Today's central political demand is the self-determination and protection of territorial communities amidst the chaos of a failing neoliberal globalisation.

Since the Brexit vote and Trump's election as president of the US, it has become ever more clear that we are standing at a historical crossroads - one of those once-in-a-generation moments in which, in Hegel's words, 'the gradual crumbling' of the established order is 'cut short by a sunburst which, in one flash, illuminates the features of the new world'.1 The recent string of electoral victories for right-wing populist formations and candidates has not just made it clear that the neoliberal order is collapsing; it is also a signal that we are entering a new world, a new historical epoch, whose features - only half-illuminated by the flames in which the husk of neoliberal globalisation is being devoured - are significantly different from the world to which we have become accustomed in recent decades.

What is the nature of this new world? Does it give us cause for hope as well as fear? Is the much discussed populism that is emerging from the ruins of the neoliberal order simply a right-wing phenomenon, as it may seem given the prominence gained by the politics of hate of Trump and Le Pen? Or does it also bring its own possibilities for emancipation, as is suggested by left-wing populists such as Bernie Sanders in the US and Podemos in Spain?
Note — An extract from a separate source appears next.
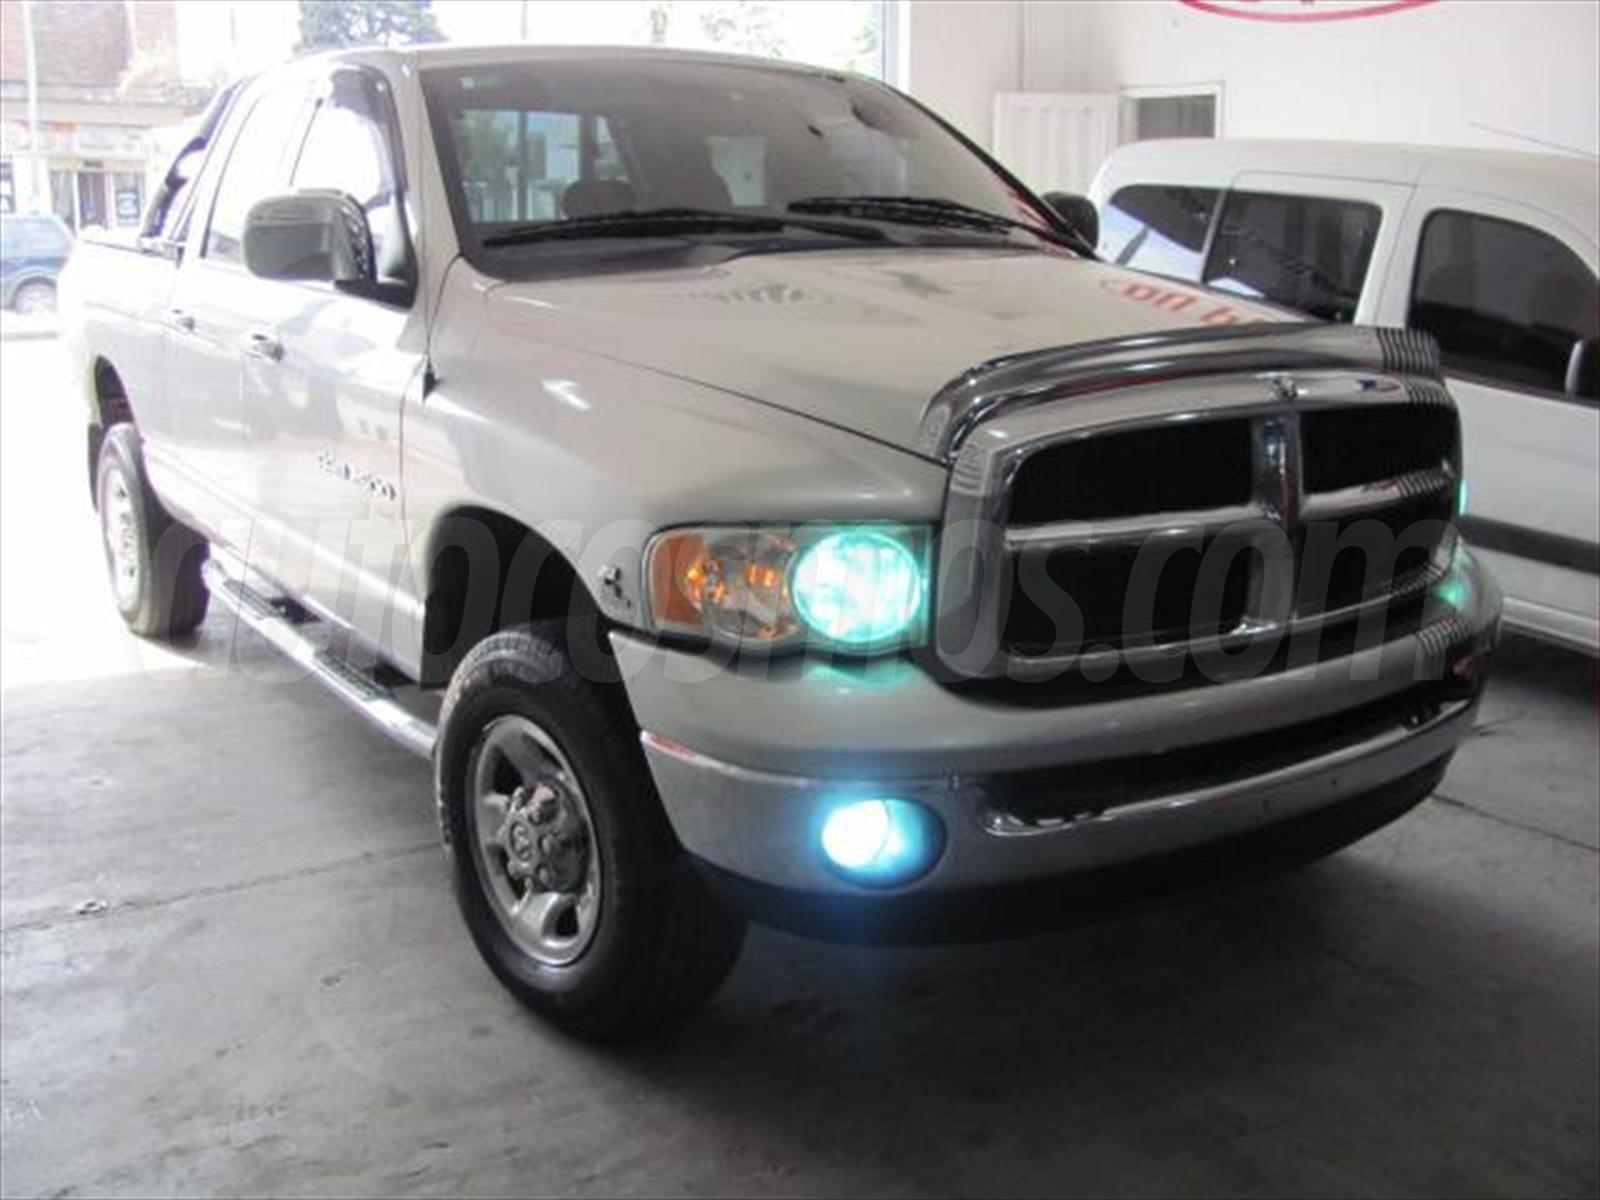 Venta autos usado - Buenos Aires GBA - Dodge Ram 2500 SLT ...
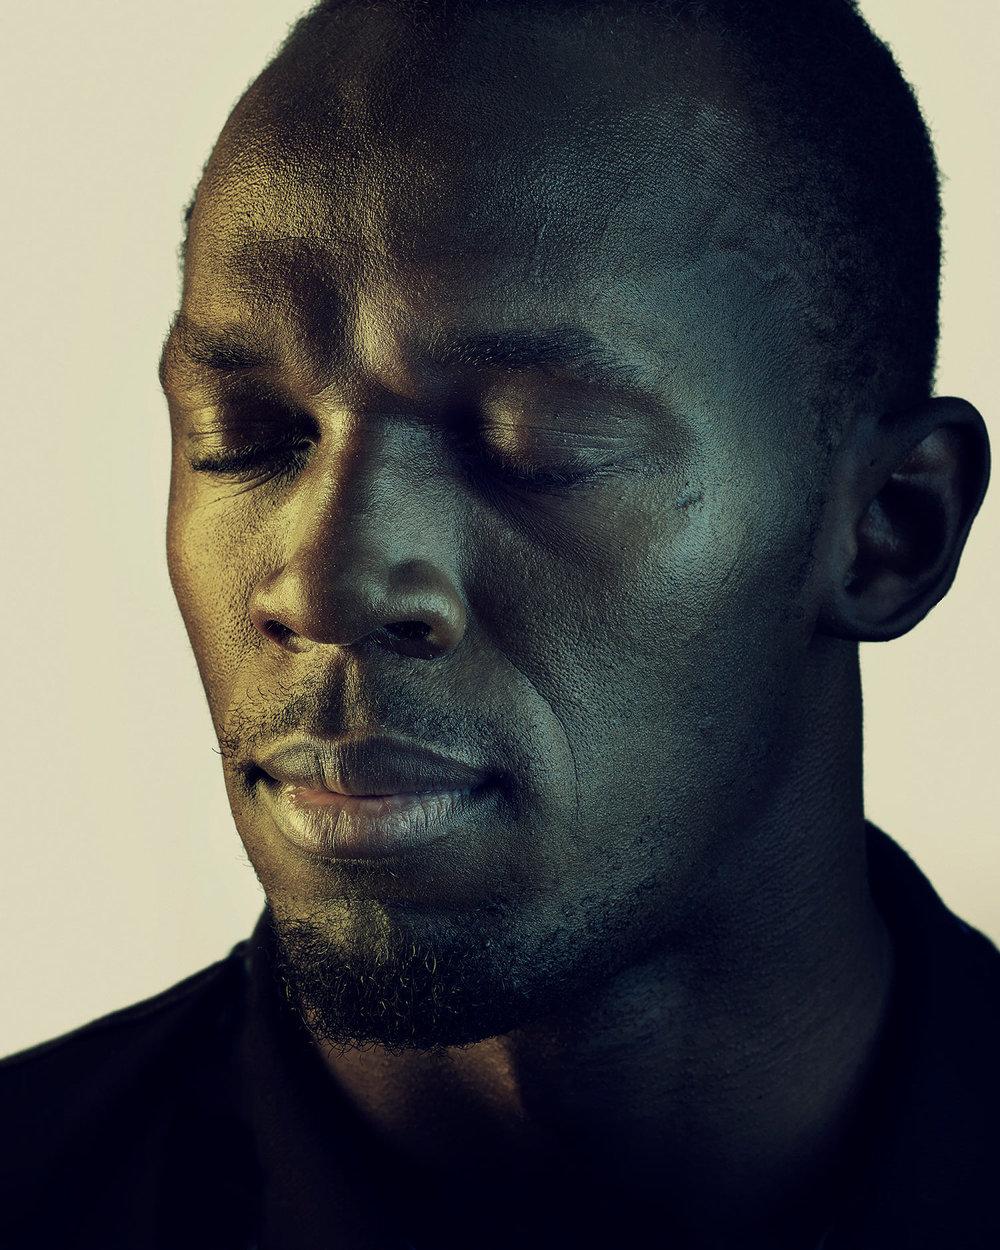 Simon-Harsent-Portrait-of-Usain-Bolt.jpg

To understand the present historical conjuncture we need to look at it as a time of transition between two different political eras, an interregnum, in which 'the old is dying, and the new cannot be born', to use the words of Antonio Gramsci that are so frequently quoted these days.2 The old that is dying is in this case the neoliberal era; while the new period that is gradually coming to light amidst painful travails is the populist era - one in which populism is going to become the dominant political [End Page 46] narrative on both the right and the left, given that the neoliberal centre can no longer hold.

The financial crash of 2007-8 - the turning point for contemporary history - has not only led to widespread economic hardship. It has been a fatal wound to the whole world view of neoliberalism, with its entrepreneurialism, its cult of the self-regulating market and its vision of a borderless and interconnected world bereft of state controls. This ideological crisis has ushered in, across a number of countries at the centre of the capitalist system, and in particular in Europe and the US, a 'populist moment', or a 'populist zeitgeist' as it has been alternatively described: a time when the new political phenomena that are emerging to fill the void left by the crisis of establishment parties - which have all converted to the neoliberal dogma - all seem to bear the mark of populism.3 In this post-neoliberal phase, populism appears in the guise of a tendency that cuts across divisions of right and left; and as a logic that is shared by forces that wage their attack on the neoliberal establishment from opposite sides: Donald Trump and Bernie Sanders in the US, Podemos and Ciudadanos in Spain, UKIP and Corbyn in the UK.

Confronted with this surging populist wave, neoliberal elites in Europe and the US are in despair about what they see as 'populism, populism everywhere'. Populism is truly emerging as the dominant trend of contemporary politics. However, we seem as uncertain as ever about what is actually meant by the term.

This confusion stems from its long and often vexed history: in recent decades populism has often been used as a catch-all term for any anomalous or pathological phenomenon; it is seen as originating in the so-called 'sickness of Europe' - the racism, anti-semitism and xenophobia of its many right-wing populist parties. Yet, this pejorative view seems of little use at a time when, far from being a marginal anomaly, populism seems set to become the hegemonic political logic - and one that manifests itself not only in the ugly face of...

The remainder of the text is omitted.